- WHAT THIS TASK INVOLVES: Transcribe every line of the material below exactly, leaving out the pictures.

- SUPPLIED DATA:
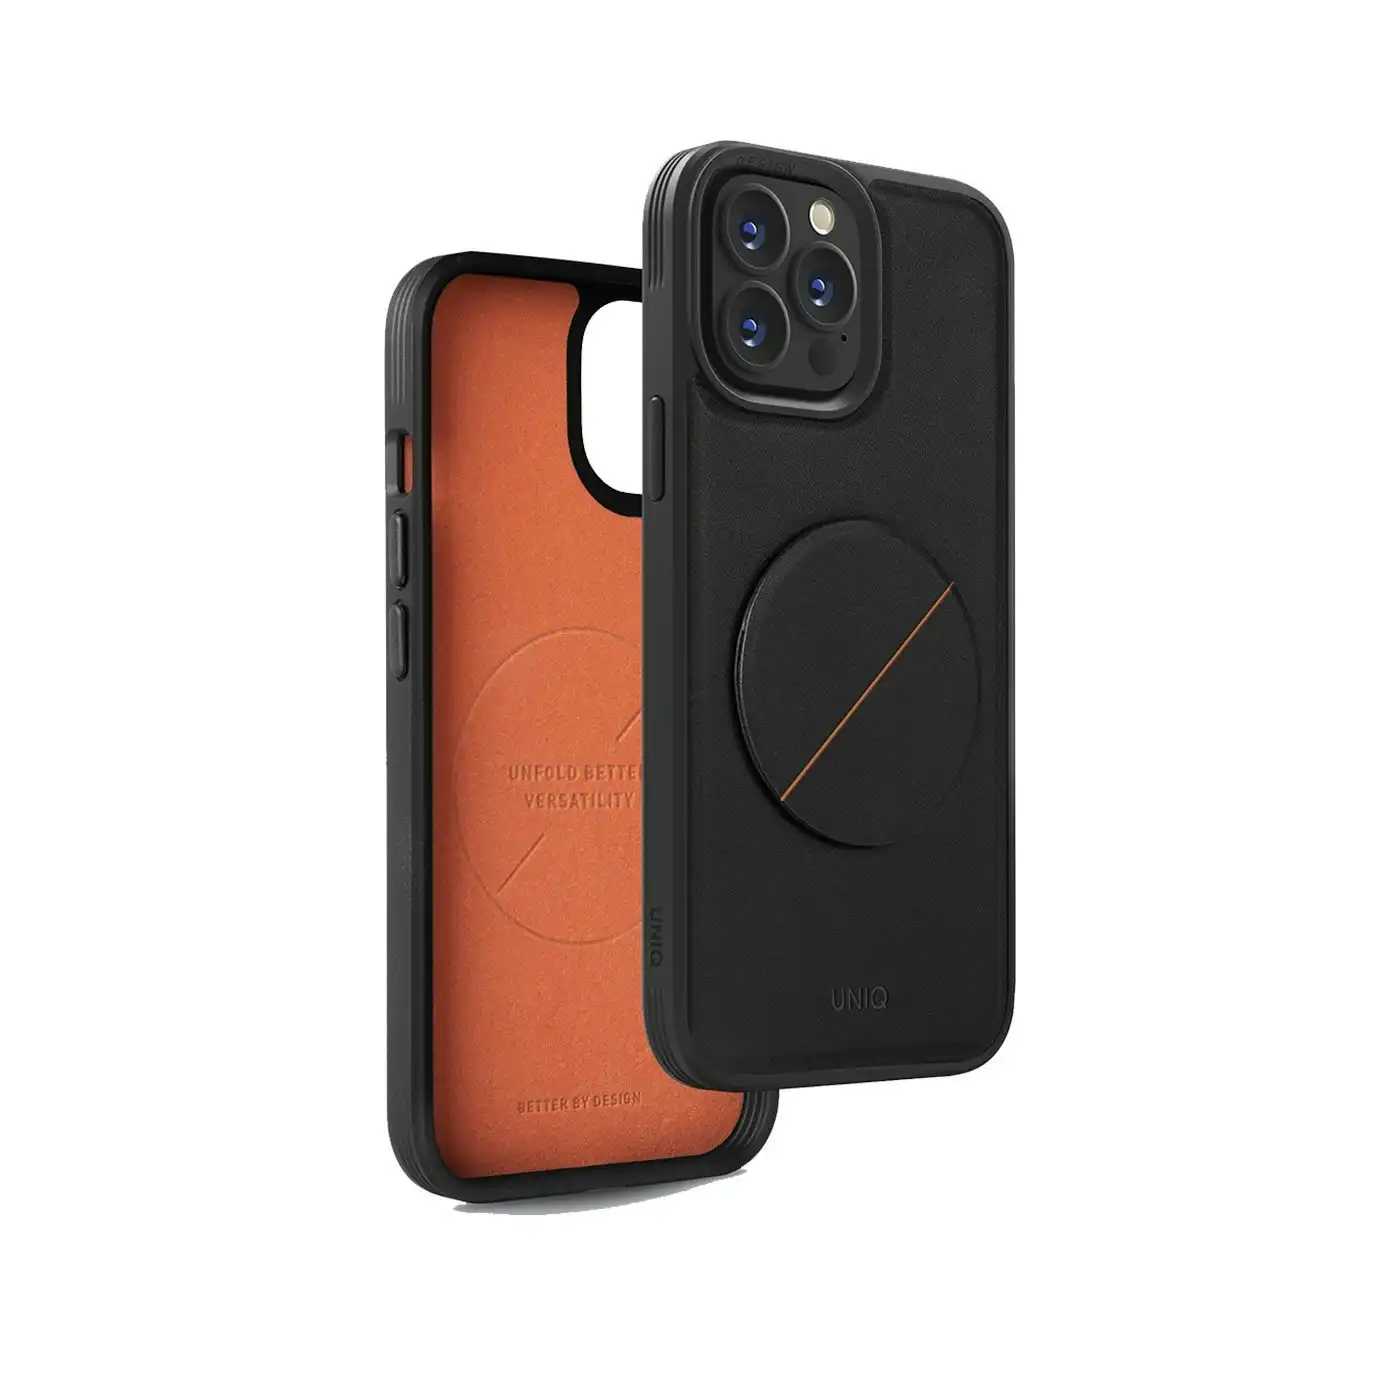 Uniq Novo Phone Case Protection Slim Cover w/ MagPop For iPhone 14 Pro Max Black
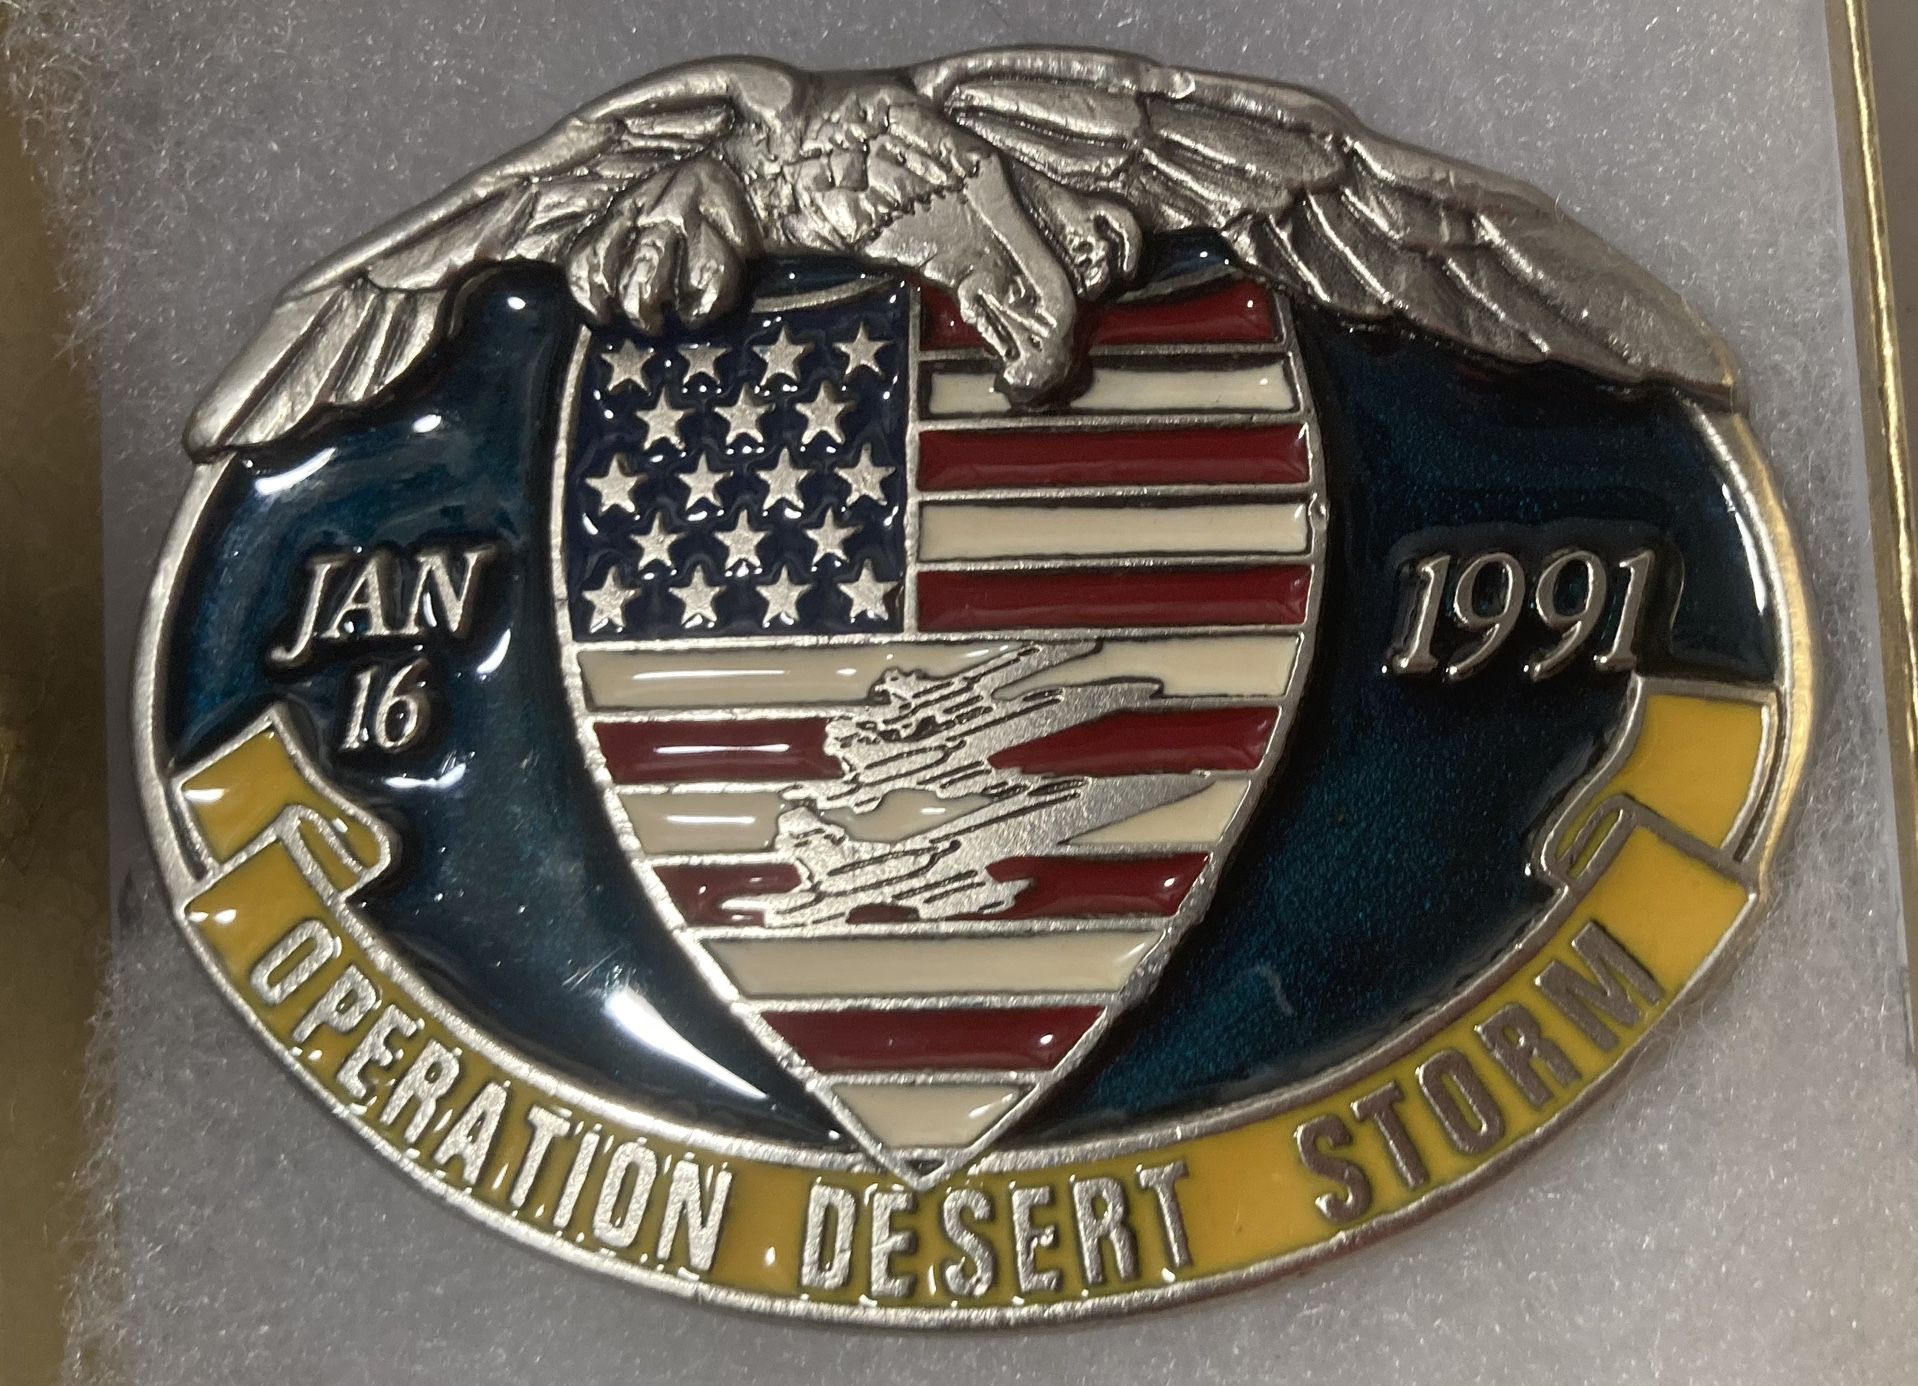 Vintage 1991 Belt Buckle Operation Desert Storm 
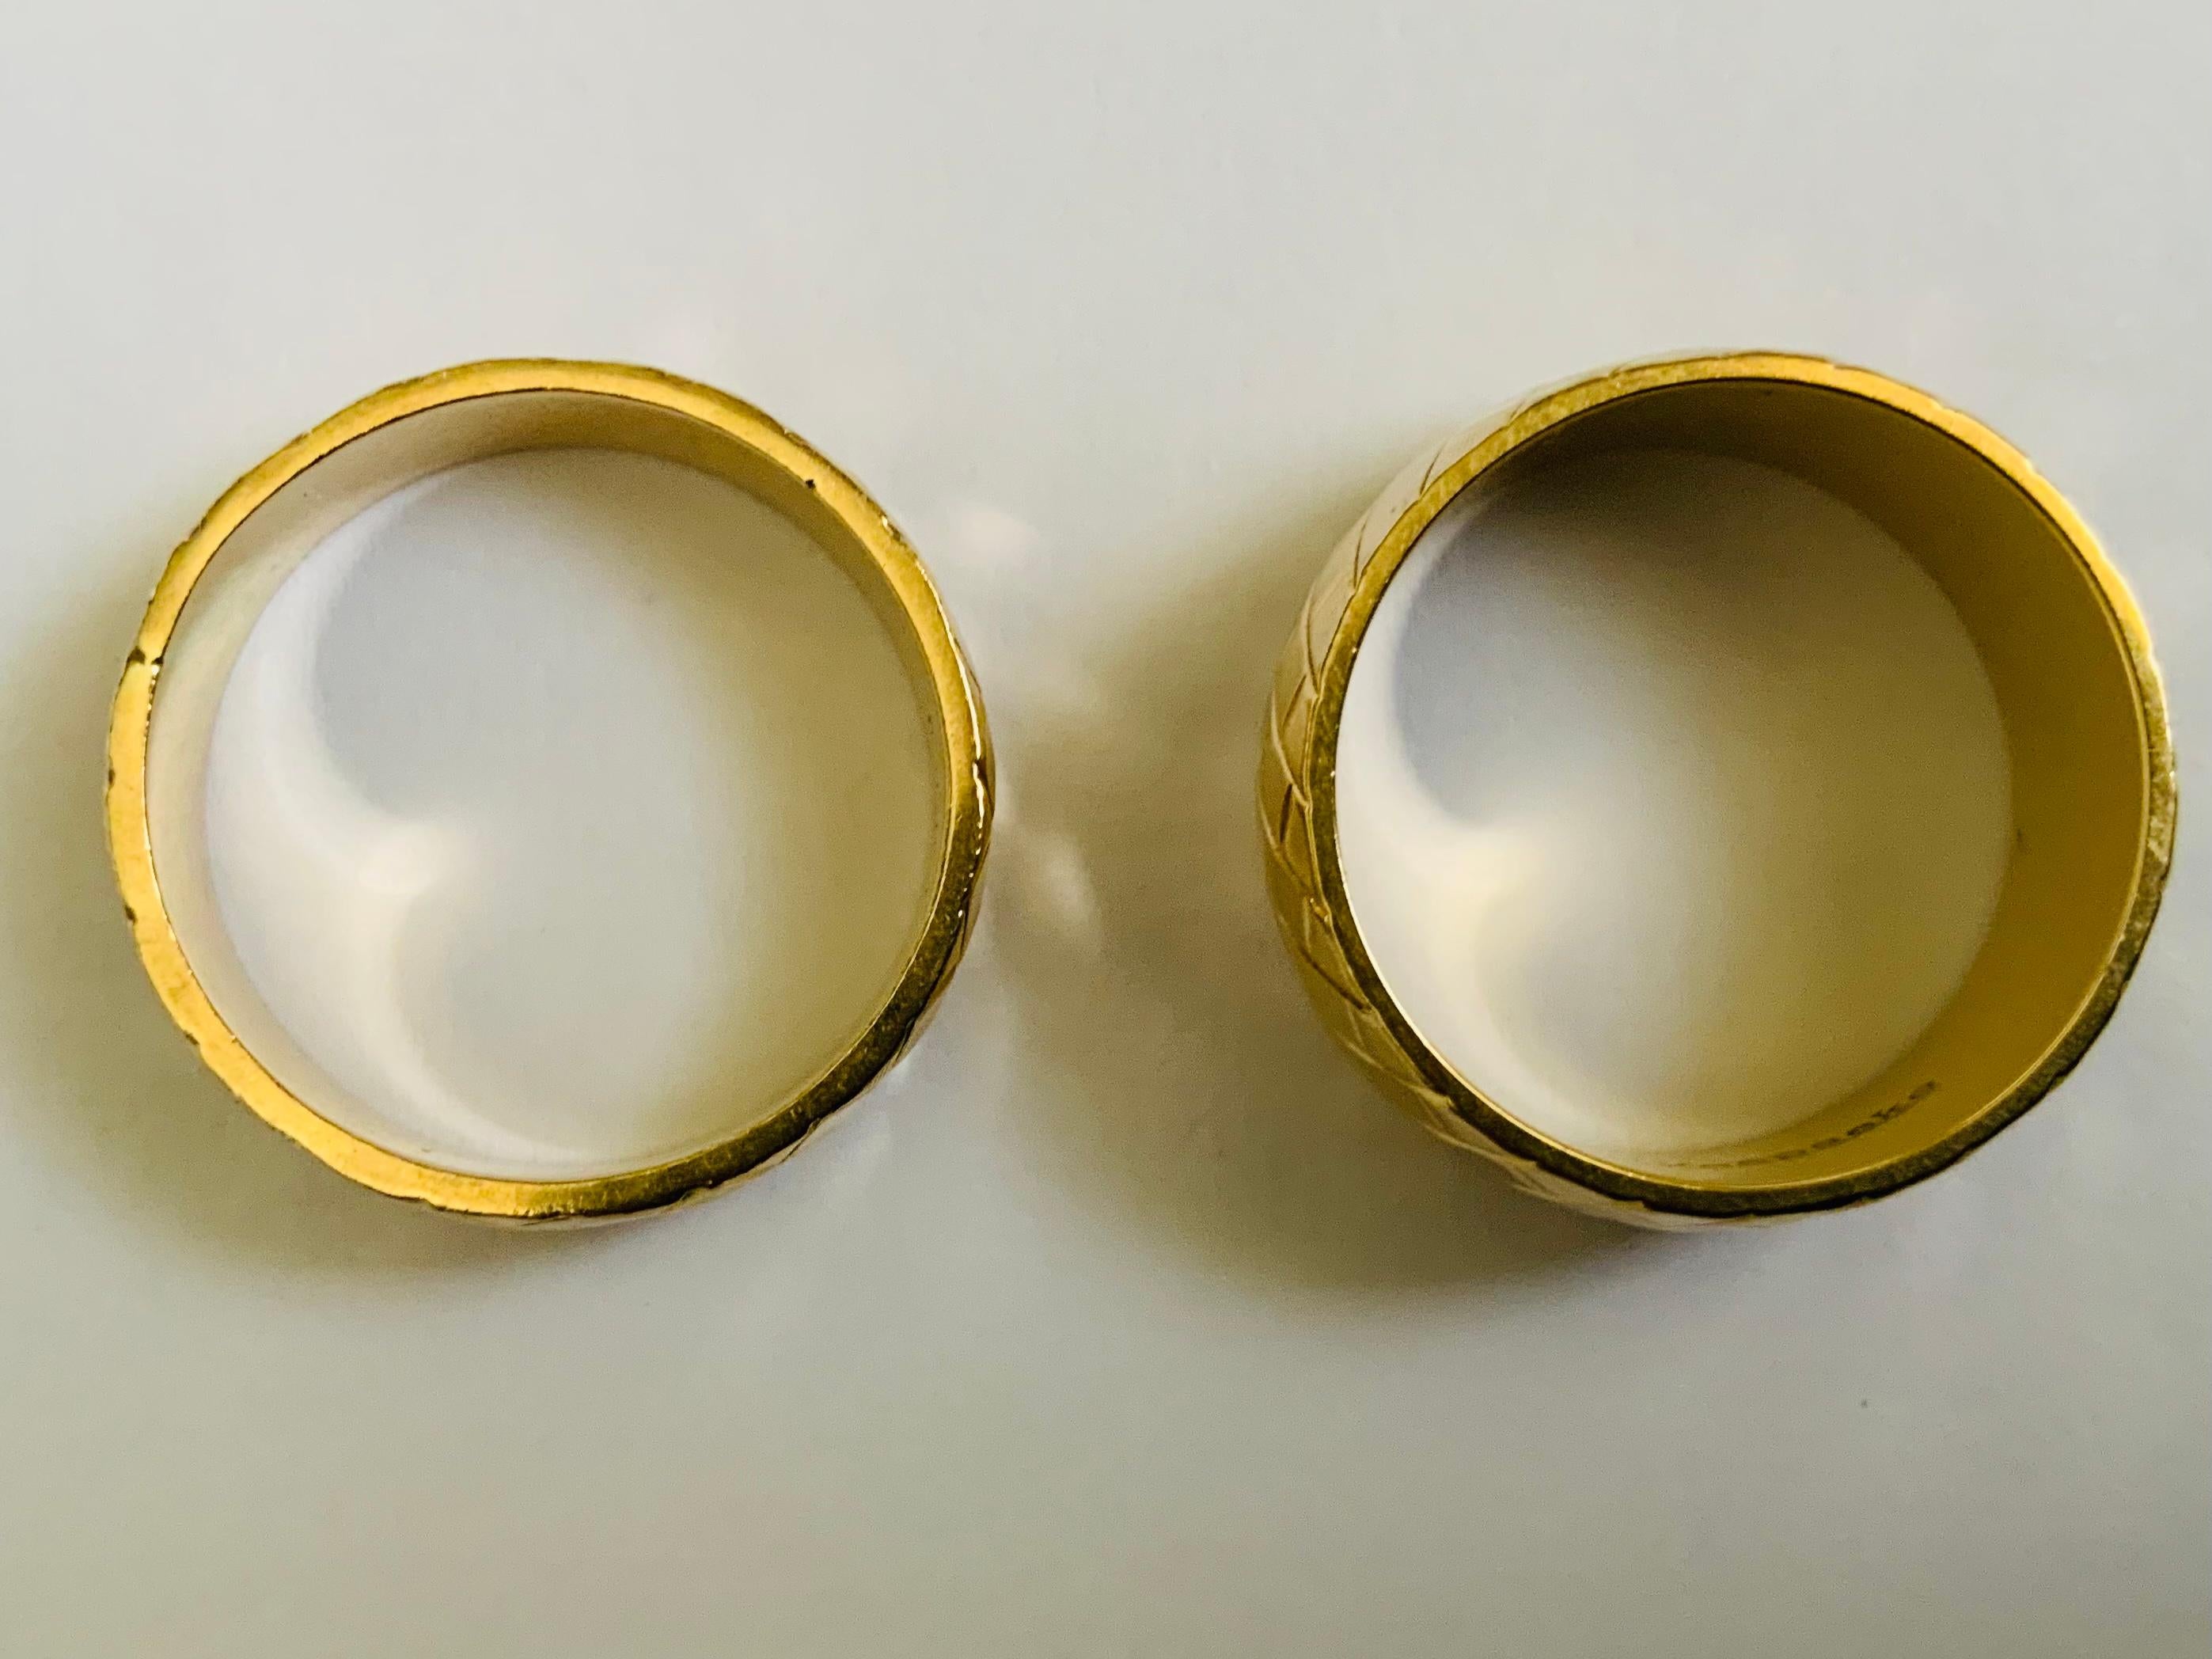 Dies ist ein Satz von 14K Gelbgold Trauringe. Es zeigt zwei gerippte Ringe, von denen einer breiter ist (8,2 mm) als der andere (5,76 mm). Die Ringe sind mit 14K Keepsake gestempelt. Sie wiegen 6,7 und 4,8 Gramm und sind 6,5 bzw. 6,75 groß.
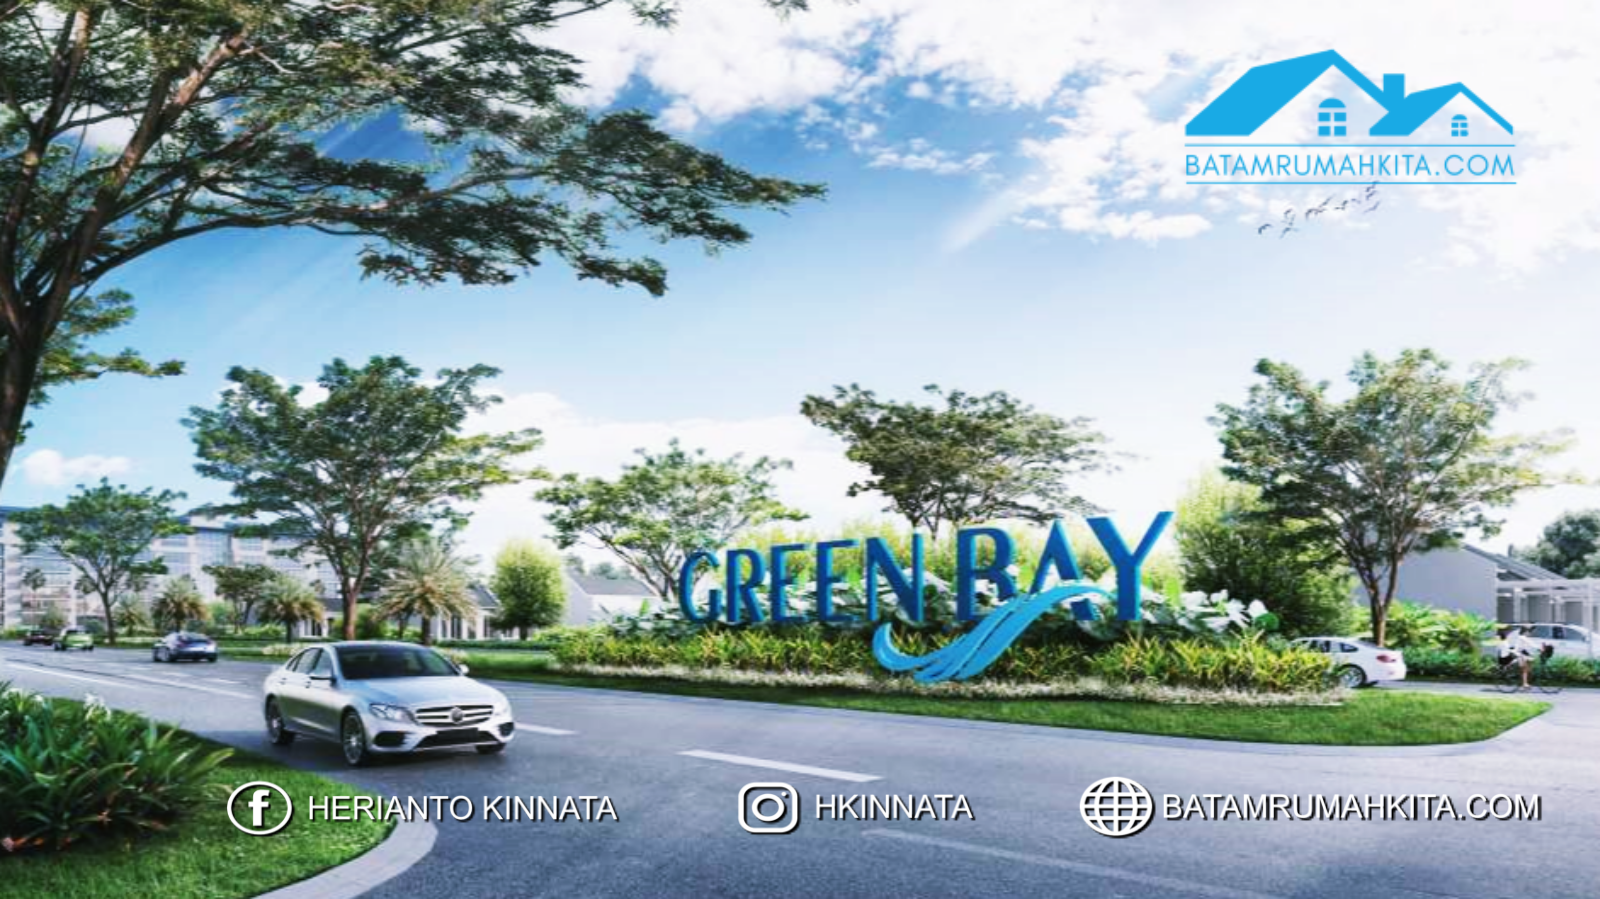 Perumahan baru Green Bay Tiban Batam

- WRITTEN RESPONSE:
 Uniq Novo Phone Case Protection Slim Cover w/ MagPop For iPhone 14 Pro Max Black
 Vintage 1991 Belt Buckle Operation Desert Storm 
 Dies ist ein Satz von 14K Gelbgold Trauringe. Es zeigt zwei gerippte Ringe, von denen einer breiter ist (8,2 mm) als der andere (5,76 mm). Die Ringe sind mit 14K Keepsake gestempelt. Sie wiegen 6,7 und 4,8 Gramm und sind 6,5 bzw. 6,75 groß.
 Perumahan baru Green Bay Tiban Batam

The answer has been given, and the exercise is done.